*DIRECTIONS*.
Entries below include pictures. Output exactly the lines from the one with "Сайт russia org." down to the one with "Gromaxx Hotels Management LLC", both ends included, and leave the pictures out.

*AVAILABLE DATA*.
::::::
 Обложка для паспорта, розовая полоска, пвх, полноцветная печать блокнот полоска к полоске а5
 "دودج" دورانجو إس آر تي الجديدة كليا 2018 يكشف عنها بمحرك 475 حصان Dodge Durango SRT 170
::::::
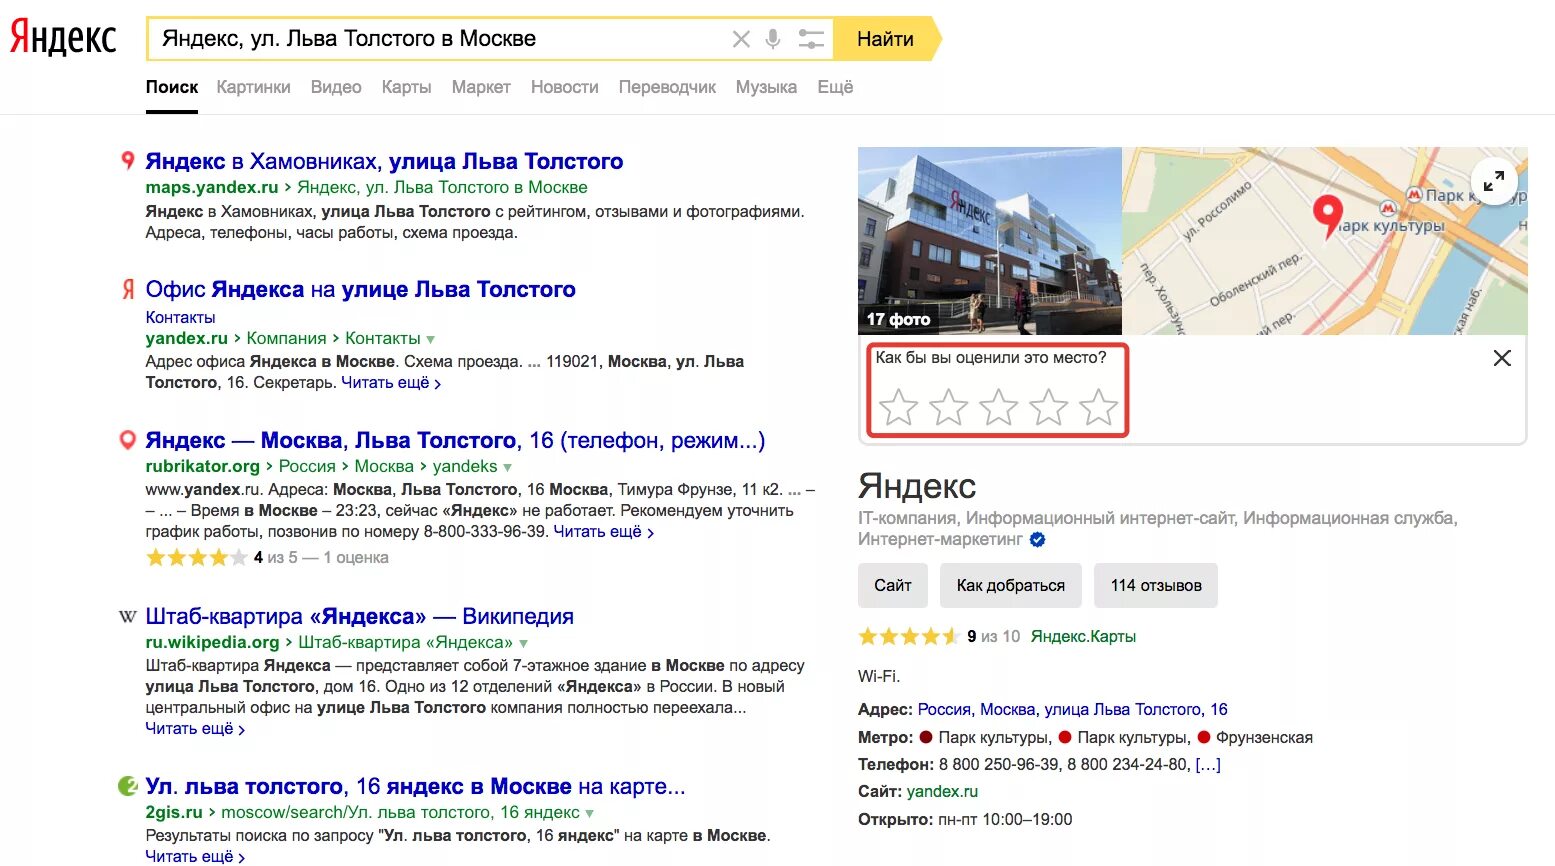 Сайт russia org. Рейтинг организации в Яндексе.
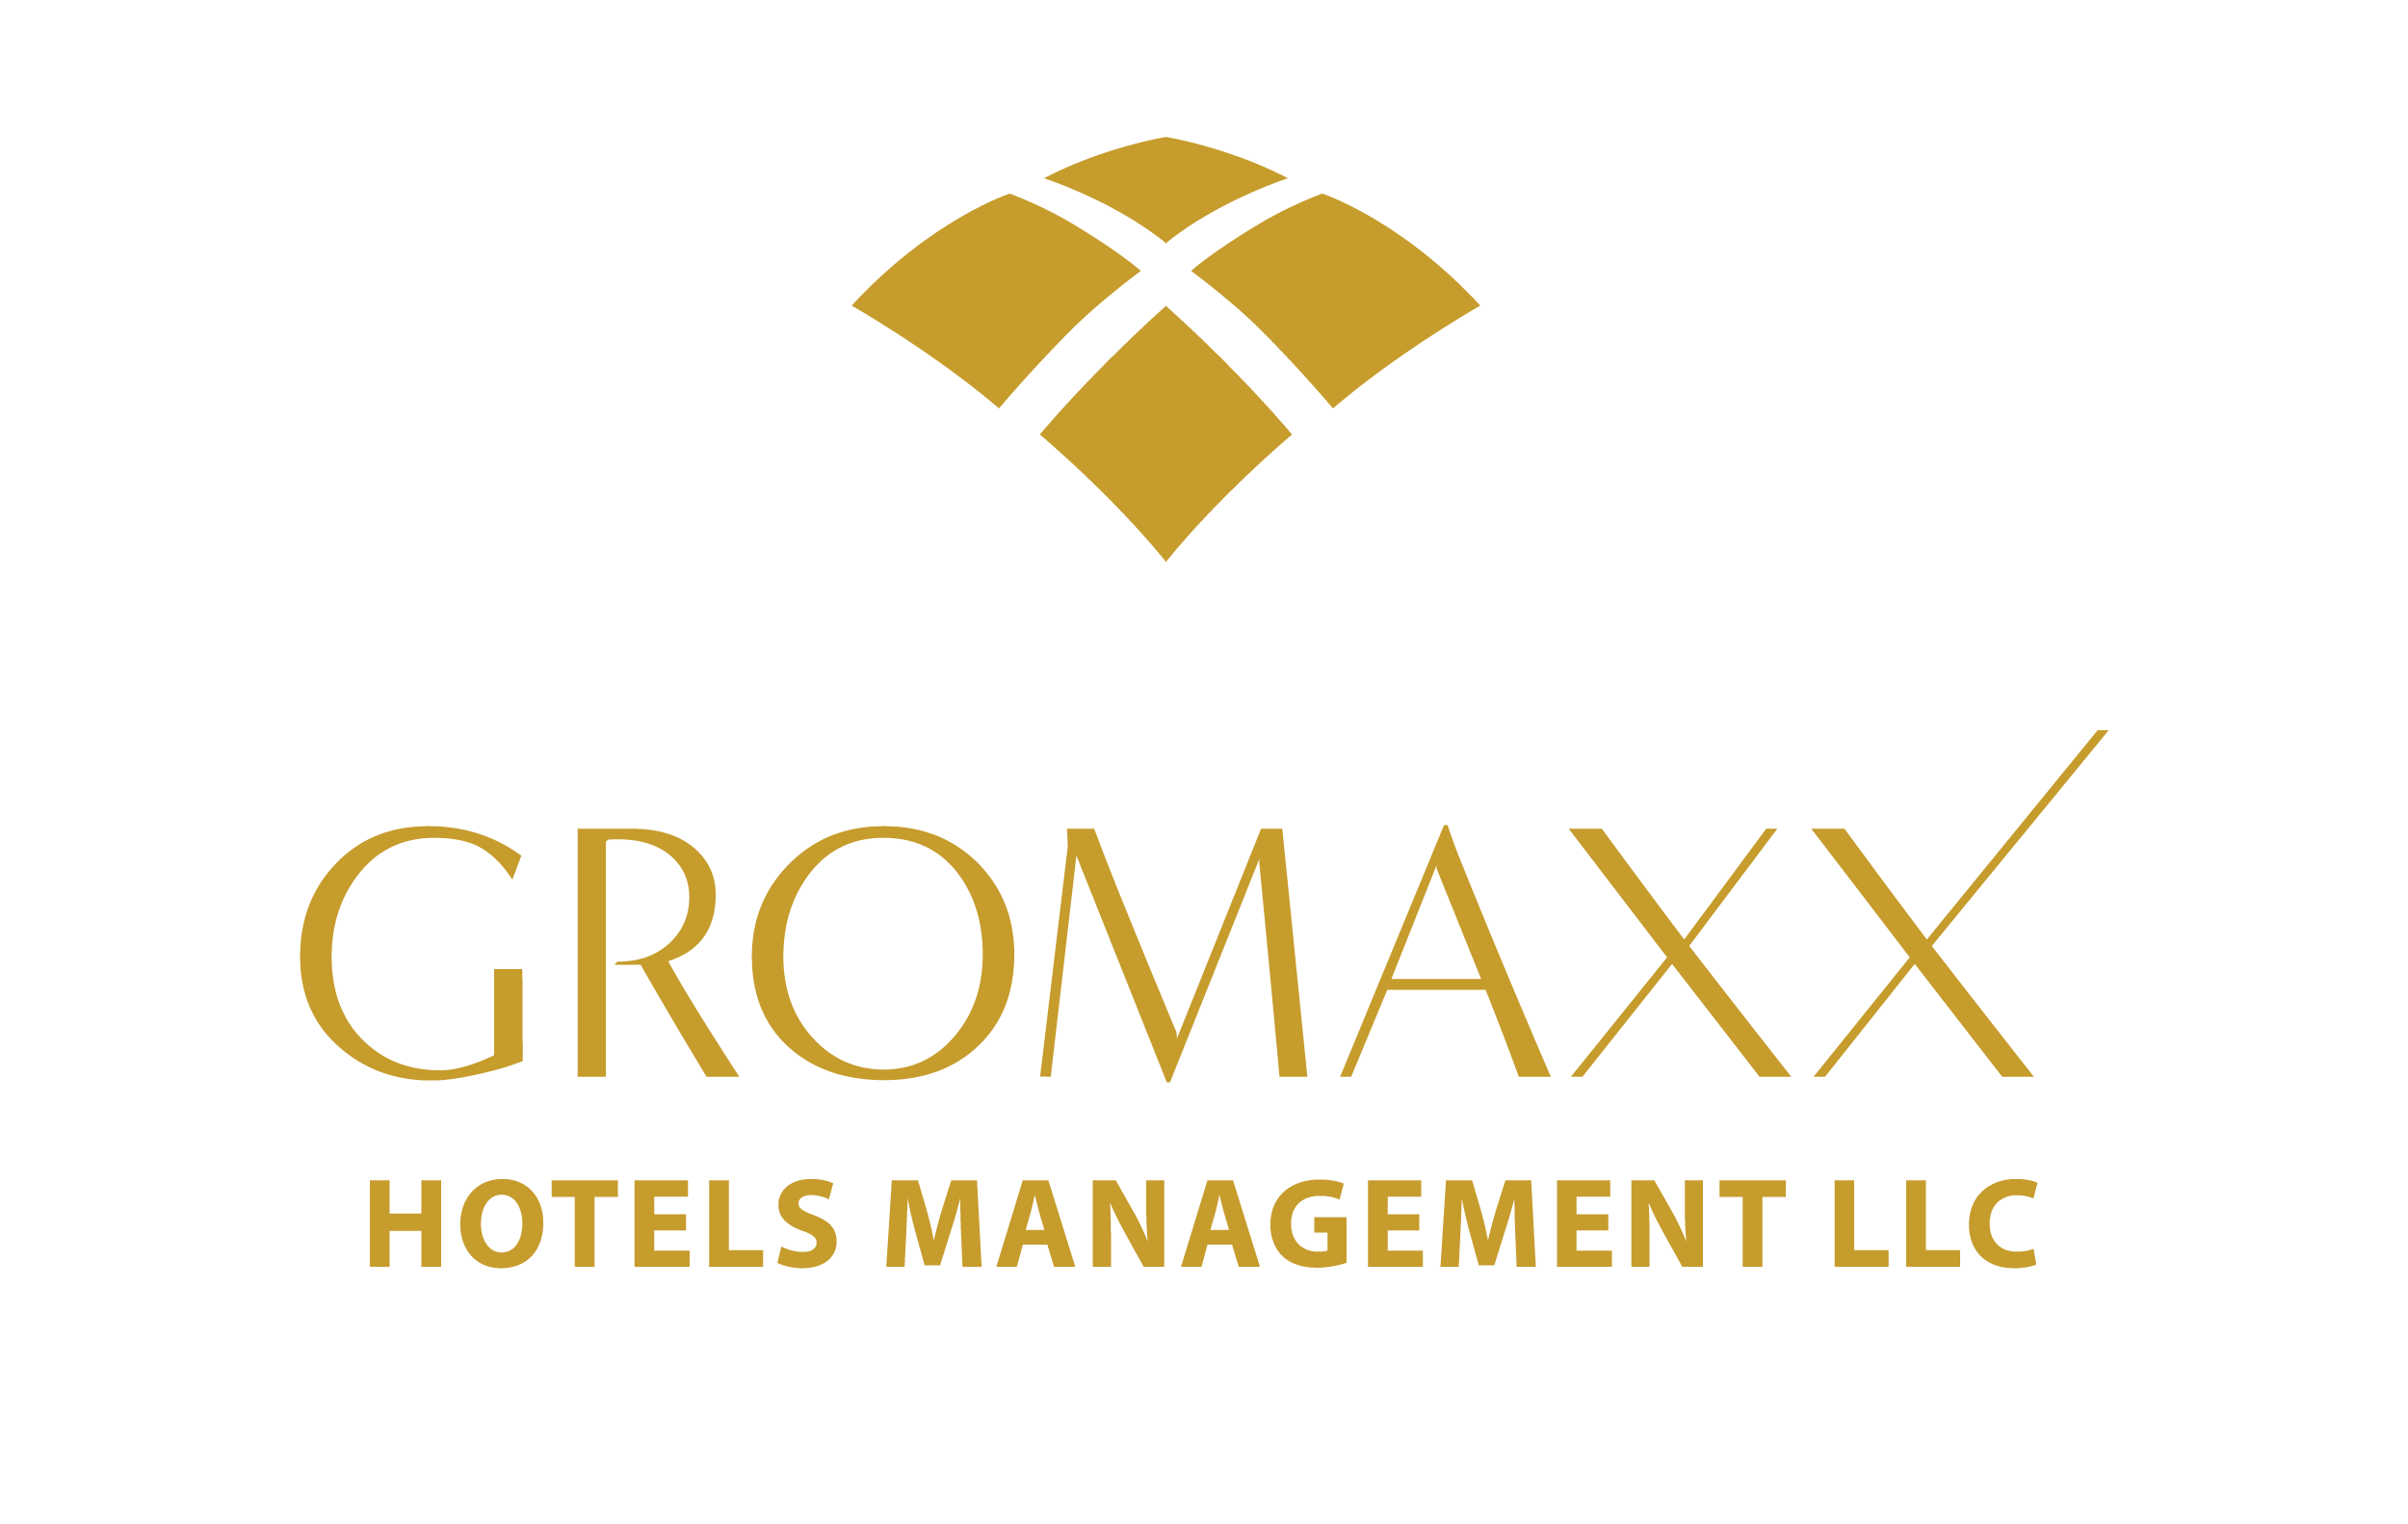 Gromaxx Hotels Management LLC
::::::
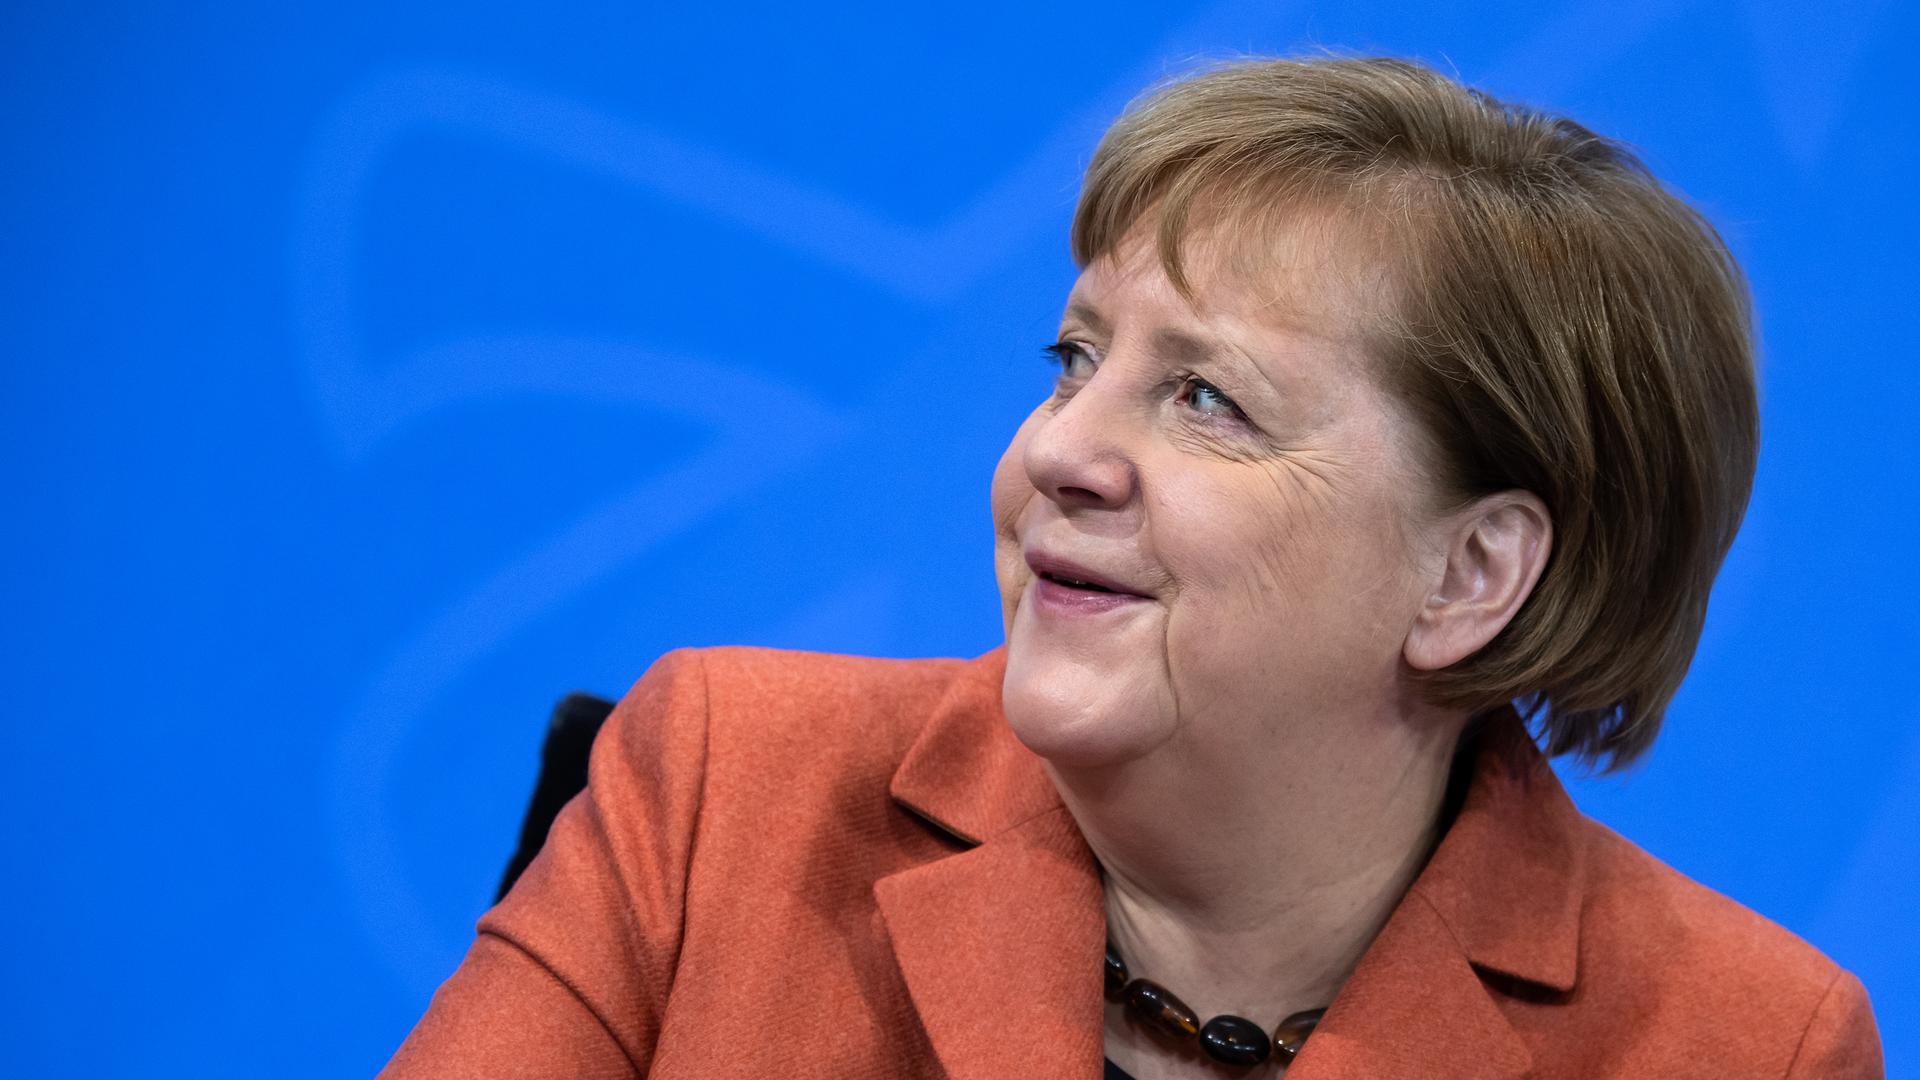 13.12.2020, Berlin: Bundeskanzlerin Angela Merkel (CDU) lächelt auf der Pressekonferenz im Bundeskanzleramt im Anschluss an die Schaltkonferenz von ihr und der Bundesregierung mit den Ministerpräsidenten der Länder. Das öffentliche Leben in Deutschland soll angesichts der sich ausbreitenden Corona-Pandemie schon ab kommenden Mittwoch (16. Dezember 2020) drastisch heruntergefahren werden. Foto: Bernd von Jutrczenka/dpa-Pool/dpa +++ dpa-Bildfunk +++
::::::
*SOLUTION FOR THIS EXERCISE*.
 Сайт russia org. Рейтинг организации в Яндексе.
 Gromaxx Hotels Management LLC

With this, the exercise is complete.